Revolutionary Electro-Agriculture Approach could Solve Global Food Crisis
Source: GreekReporter.com

A revolutionary approach that decouples food growing from conventional photosynthesis could address the global food crisis by reducing the need for farmland by as much as ninety-four percent, mitigating the impact of extreme weather on crop production, and preventing food price spikes.
The method, whose study was supported by the National Science Foundation and the Bill & Melinda Gates Foundation, was featured in the November 2024 issue of Joule magazine, attracting international attention.
According to the study authors, their approach, which they call electro-agriculture, “has pioneered a new frontier in food production.”
“Electro-agriculture is a radical reconception of the global food system that offers meaningful progress toward resolving climate change and world hunger,” they wrote.

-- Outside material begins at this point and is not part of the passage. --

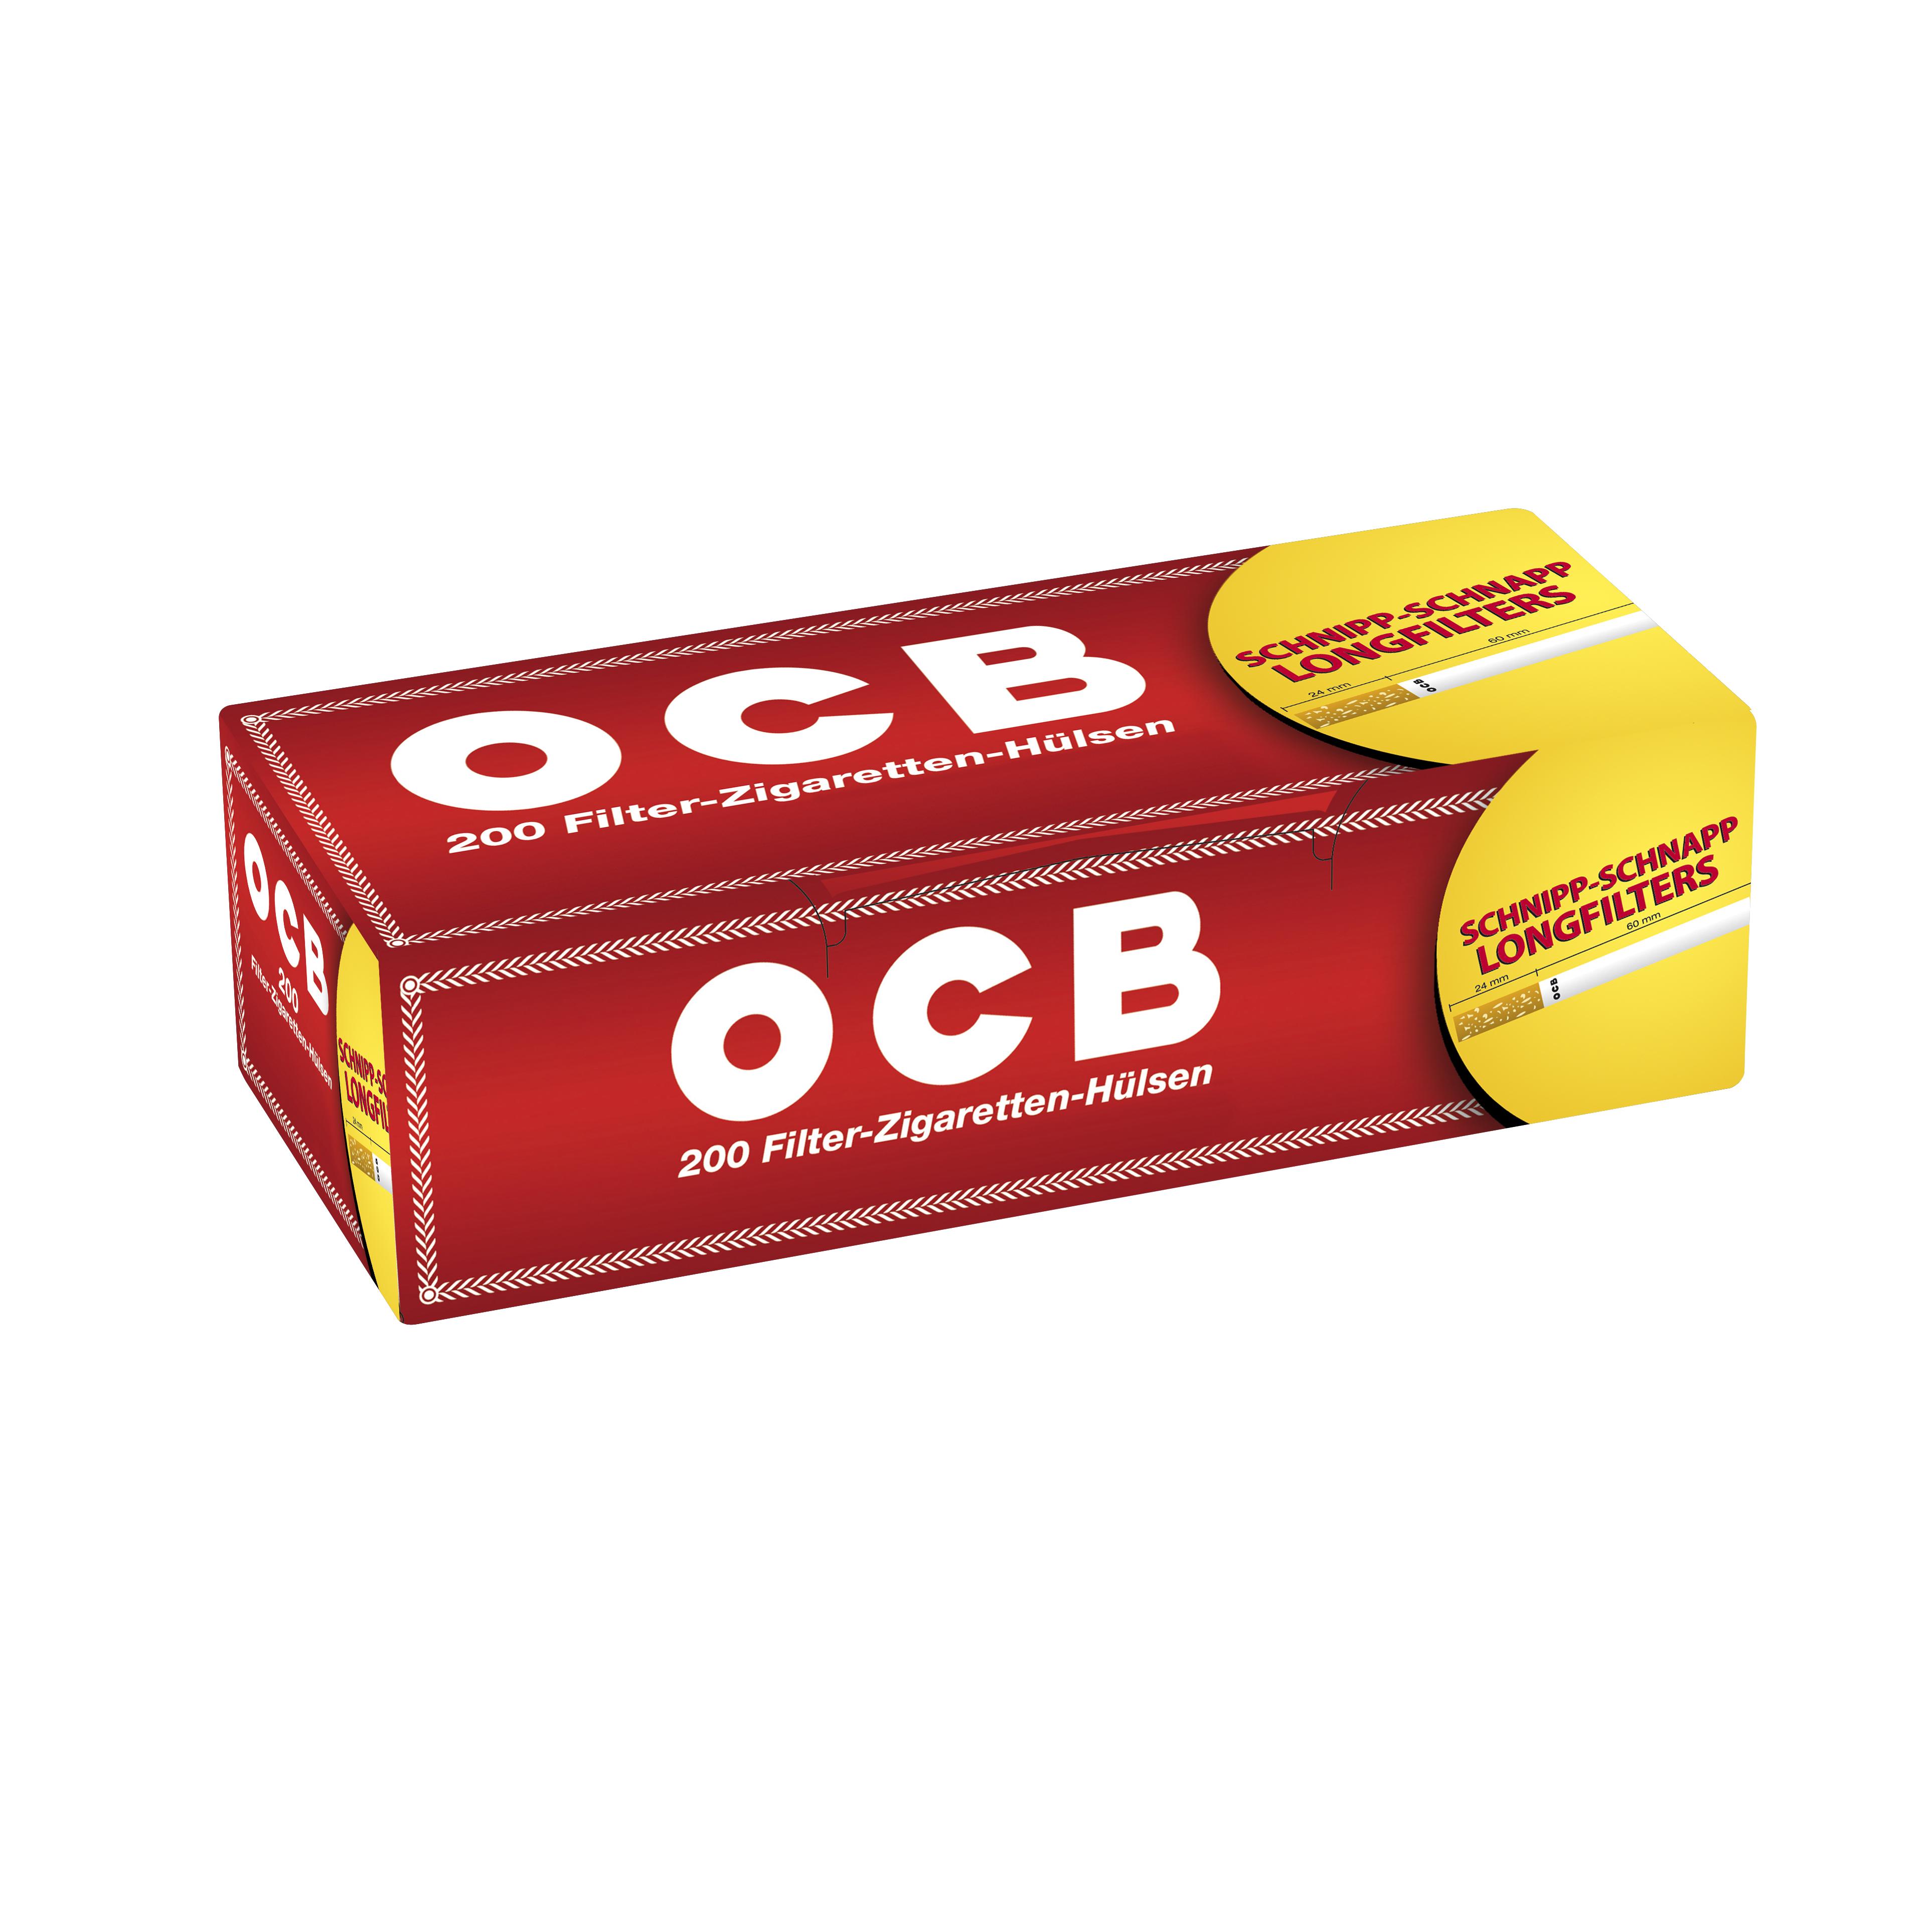 OCB tubes 200 long 2
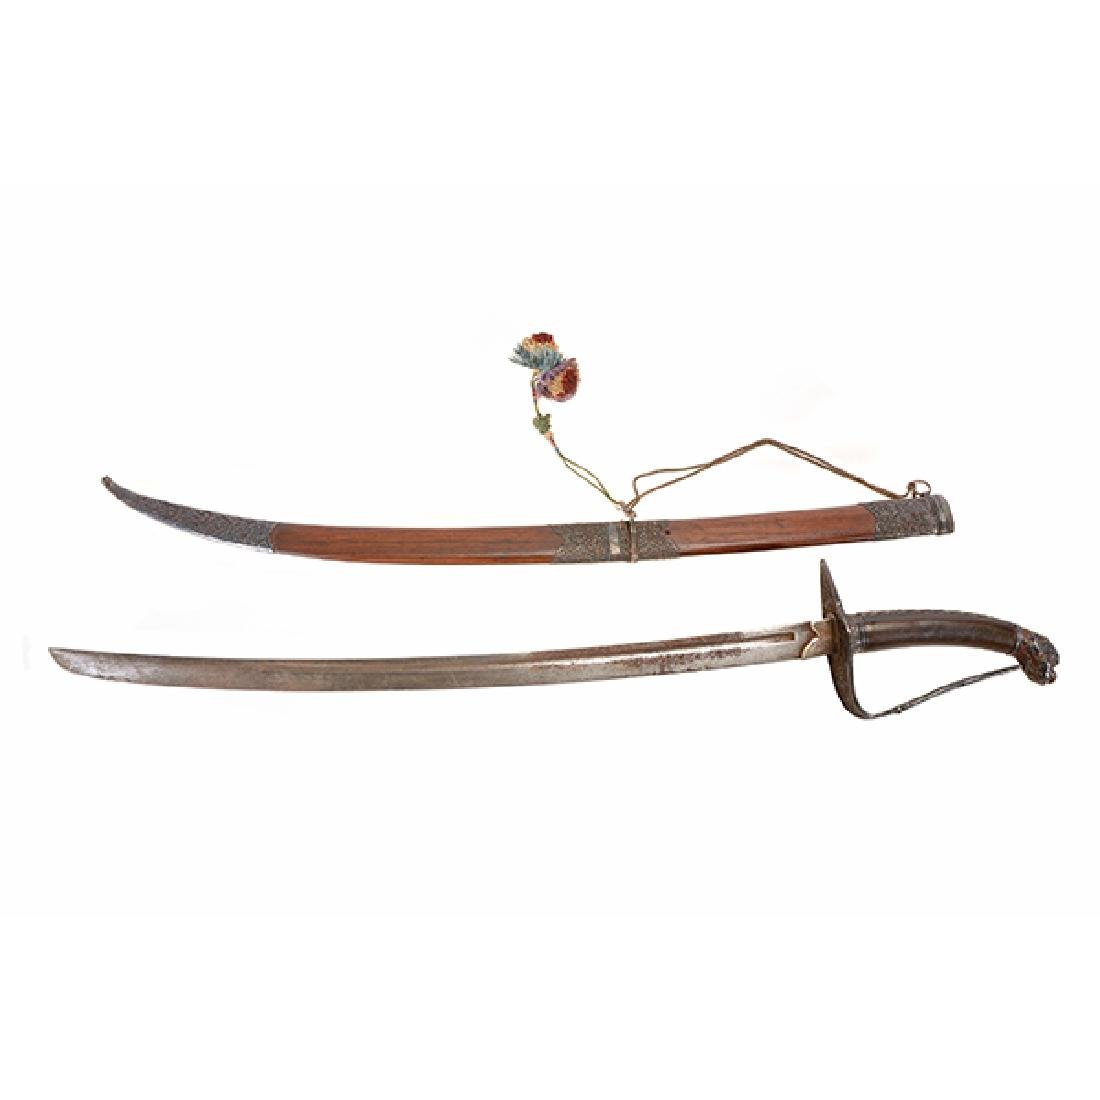 A Tibetan Ceremonial Sword, 19th Century

Engineering food production against environmental constraints
Electro-agriculture was developed by Feng Jiao, a professor of energy, environmental, and chemical engineering at the McKelvey School of Engineering at Washington University in St. Louis, and Robert E. Jinkerson, at the University of California, Riverside.
Their study, “Electro-agriculture: Revolutionizing farming for a sustainable future,” explains how the proposed method can enable food cultivation in non-arable urban centers, arid deserts, and even outer space environments.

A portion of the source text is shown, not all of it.